The material below holds a span beginning at the line with "Vends Ford Fiesta" and ending at the line with "Mercedes-AM6 E63 S Estate front". Quote that span exactly, both ends included, and only that span.

> _Data for the task_:
-------------------------
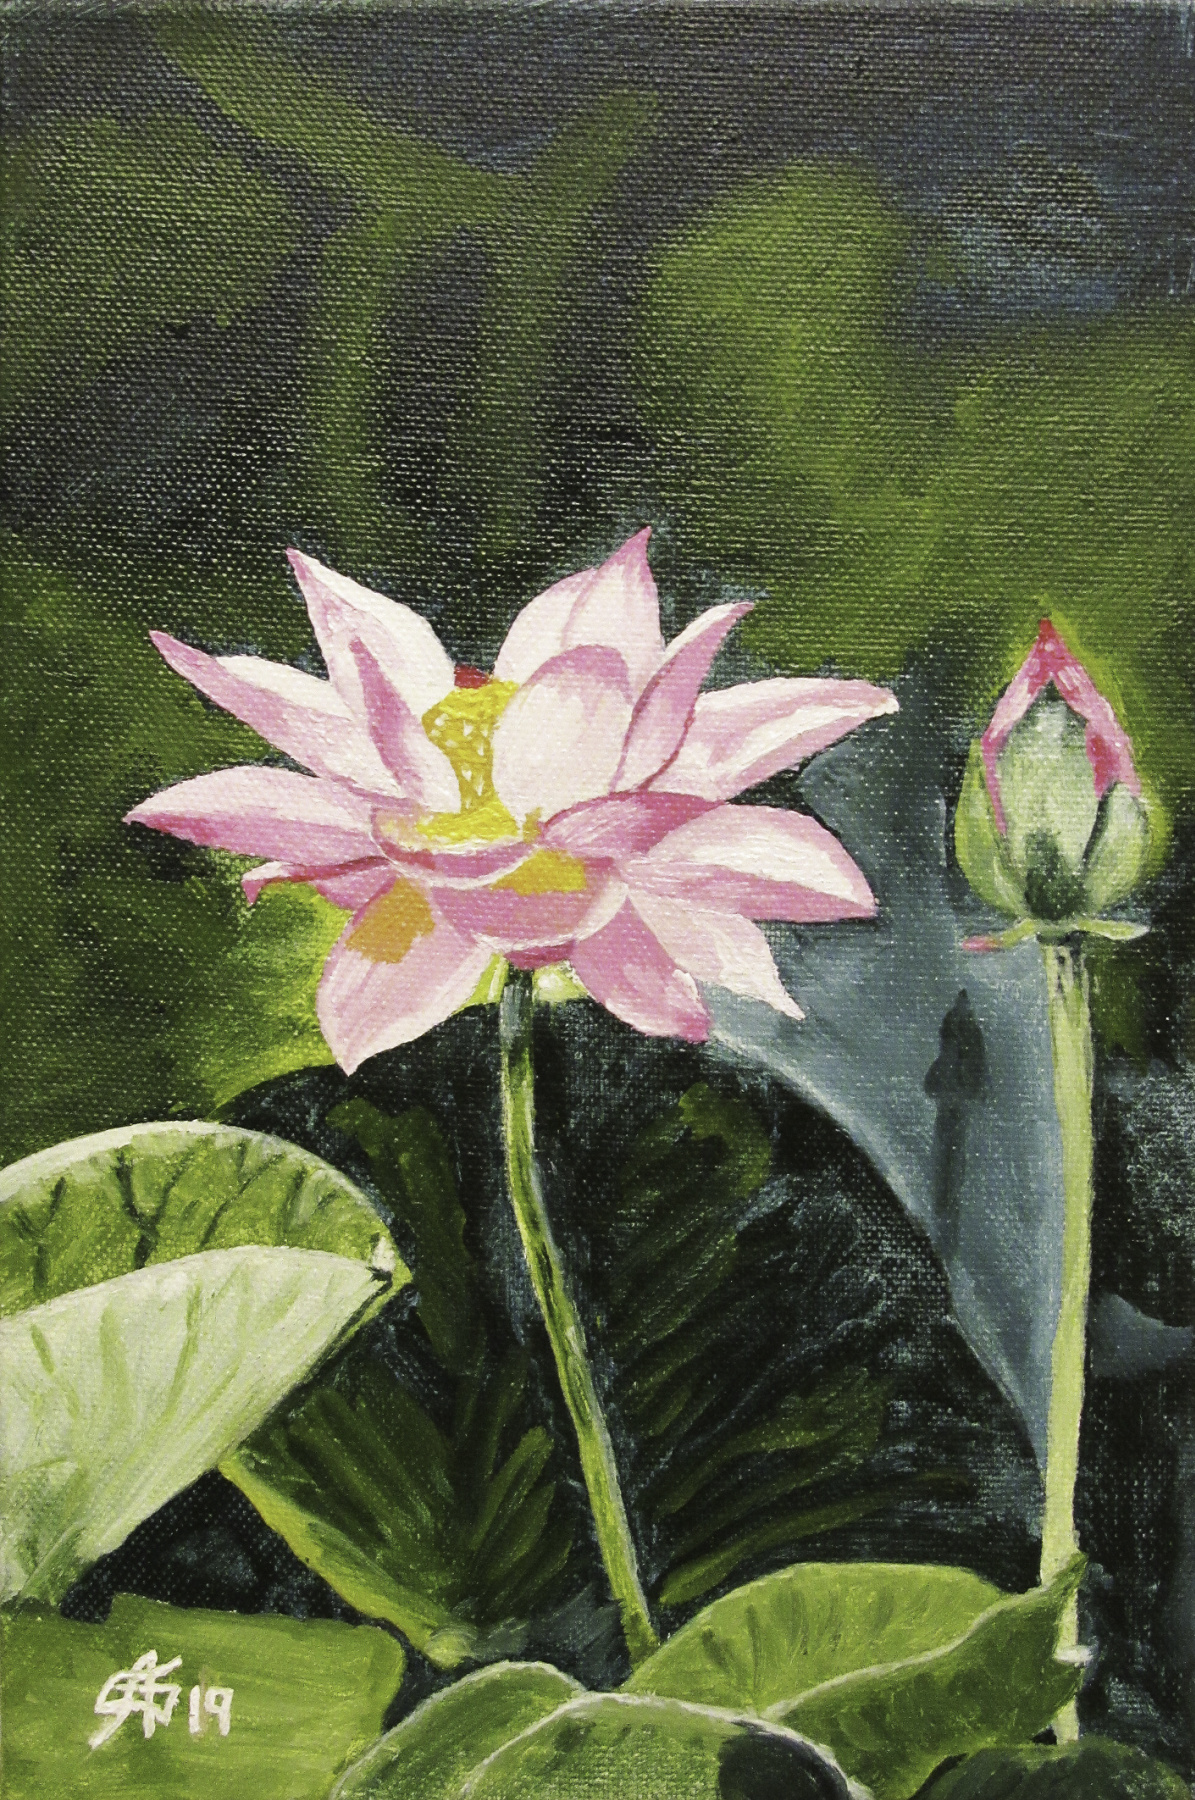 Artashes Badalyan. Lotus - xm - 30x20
-------------------------
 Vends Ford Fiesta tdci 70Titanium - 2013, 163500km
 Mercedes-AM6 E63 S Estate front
-------------------------
> _Written reply_:
 Vends Ford Fiesta tdci 70Titanium - 2013, 163500km
 Mercedes-AM6 E63 S Estate front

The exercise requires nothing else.